• AVAILABLE DATA:

────────────────

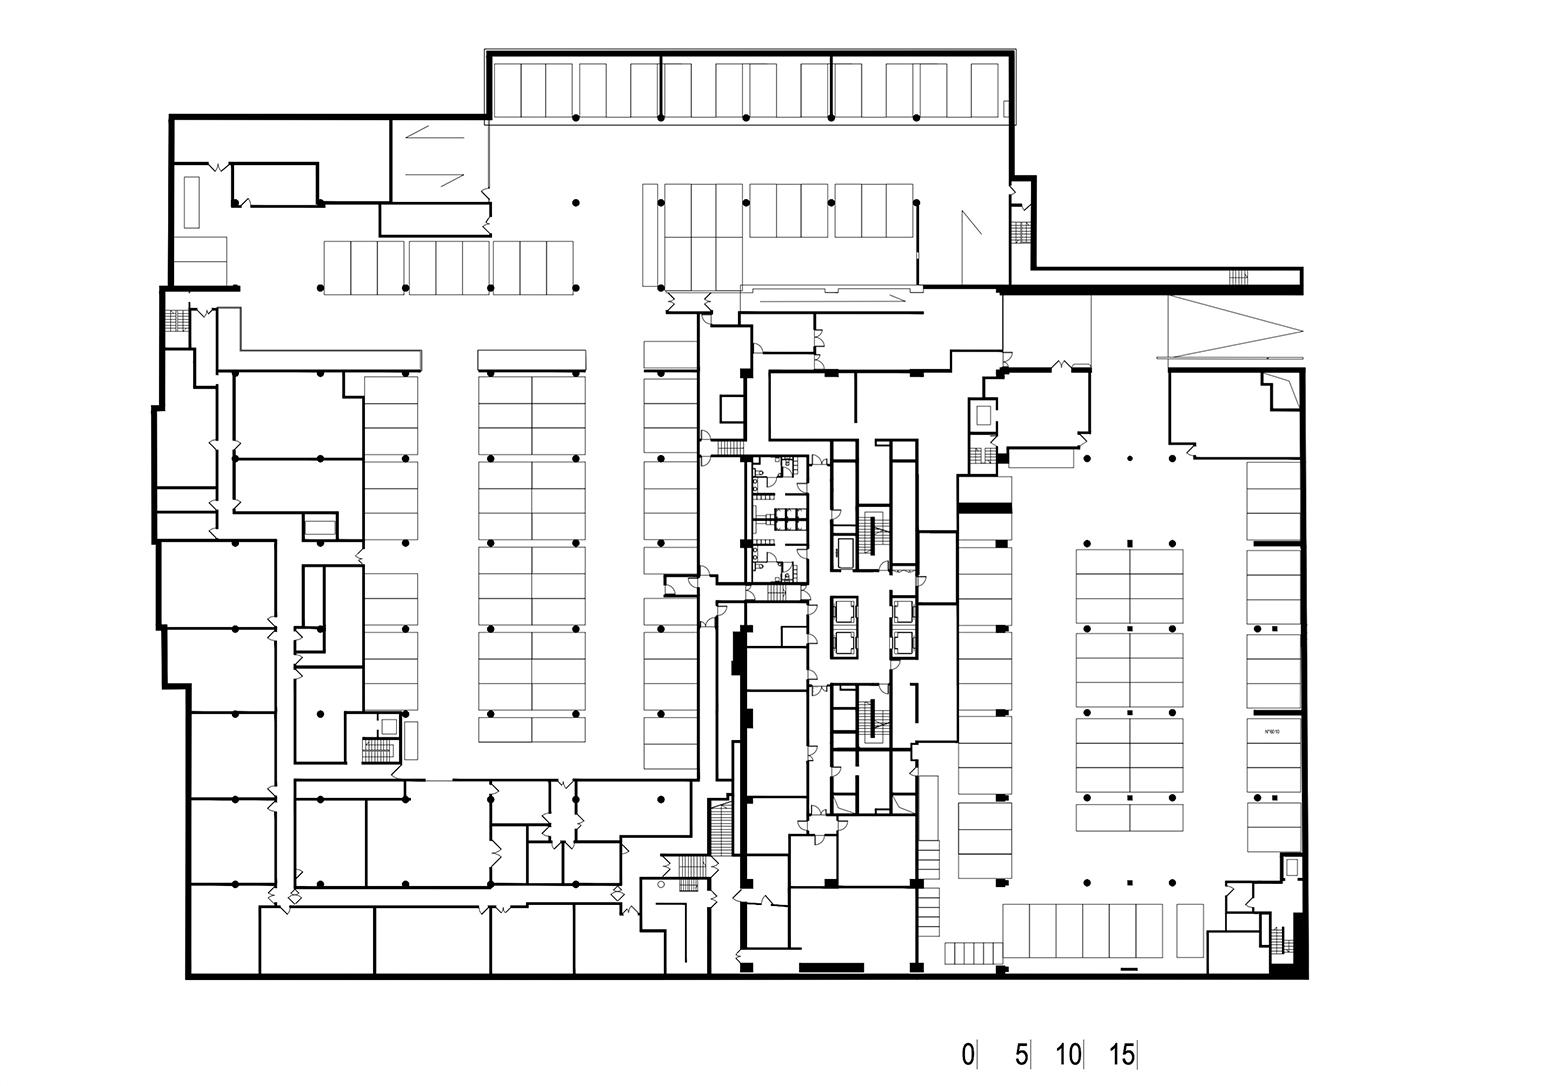 Renovation sous sol plan plan de maison avec sous sol for Plan sous sol
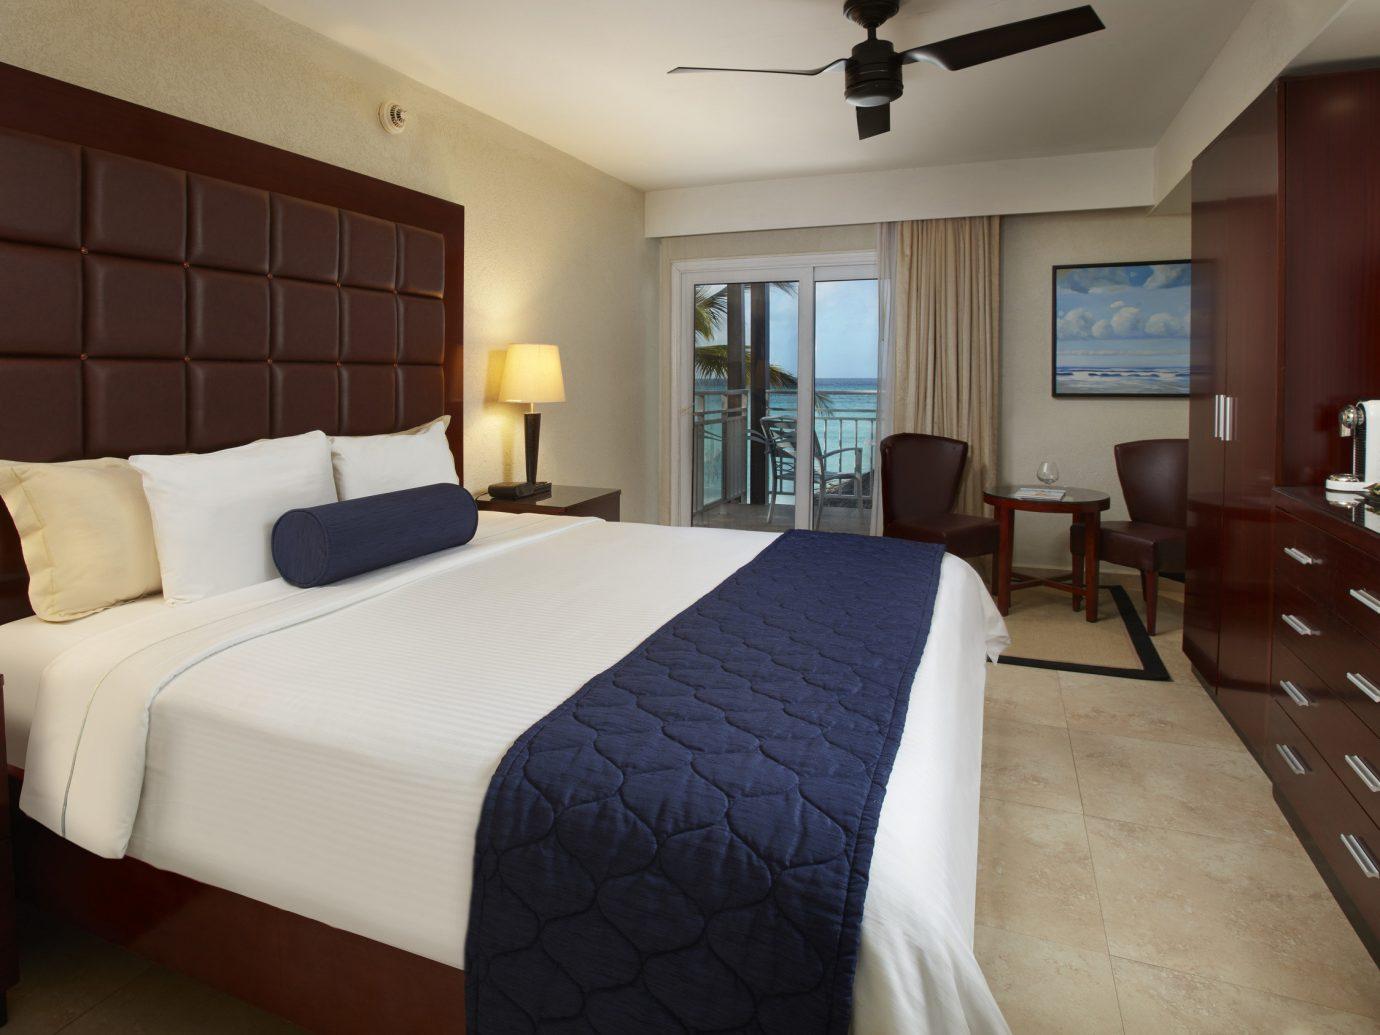 Hotels indoor bed floor wall hotel room Bedroom property Suite ceiling estate cottage real estate nice interior design apartment lamp
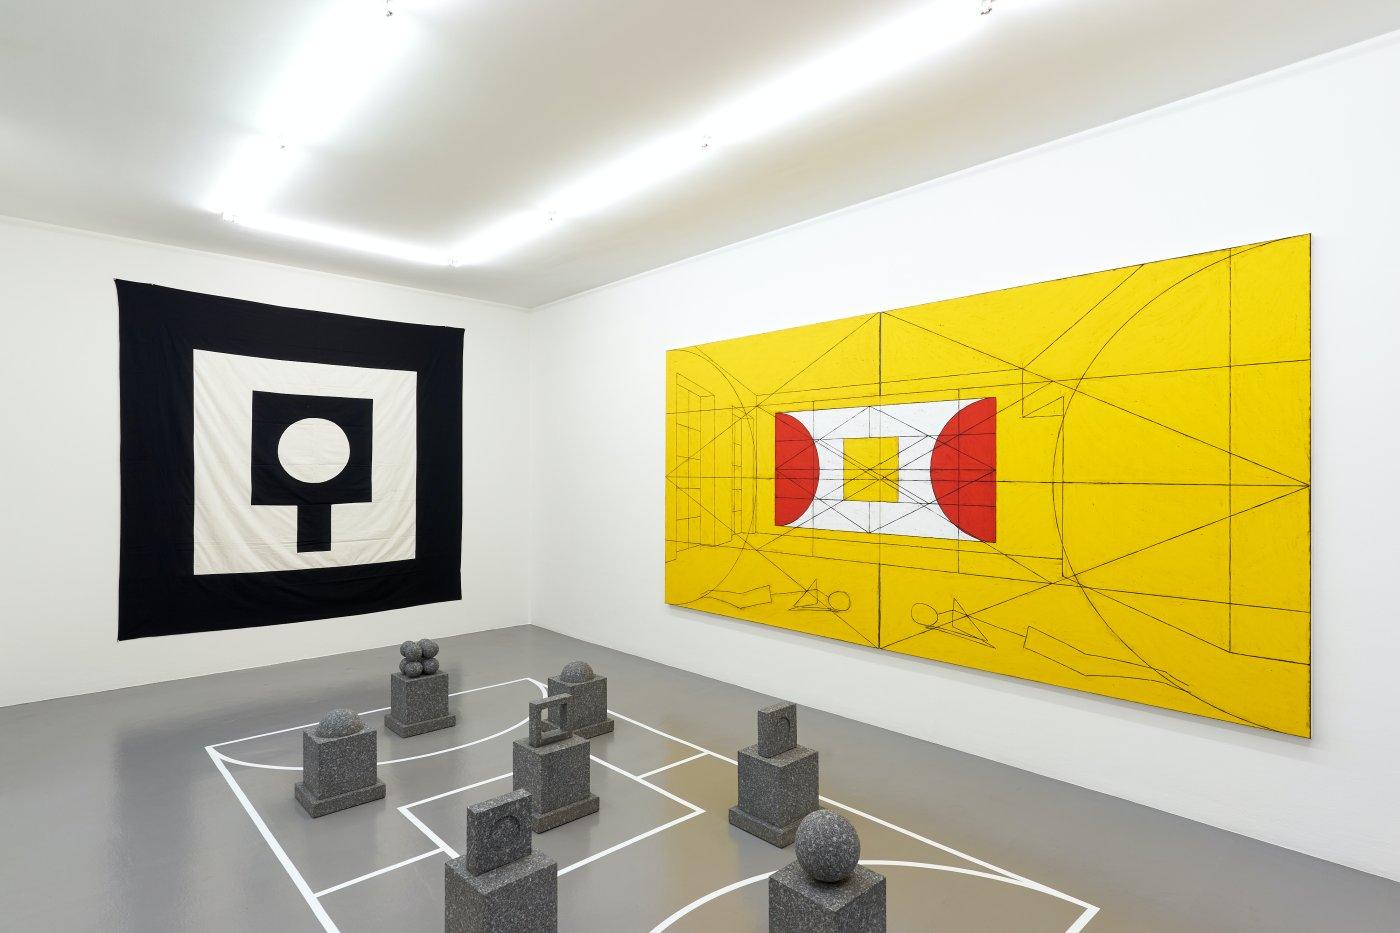 Mai 36 Galerie Matt Mullican 5

────────────────

• WORK INSTRUCTION:
Counting both ends, reproduce word for word the lines from the line with "Hotels indoor bed" to the final line of the listing above, skipping every picture.

• TASK OUTPUT:
 Hotels indoor bed floor wall hotel room Bedroom property Suite ceiling estate cottage real estate nice interior design apartment lamp
 Mai 36 Galerie Matt Mullican 5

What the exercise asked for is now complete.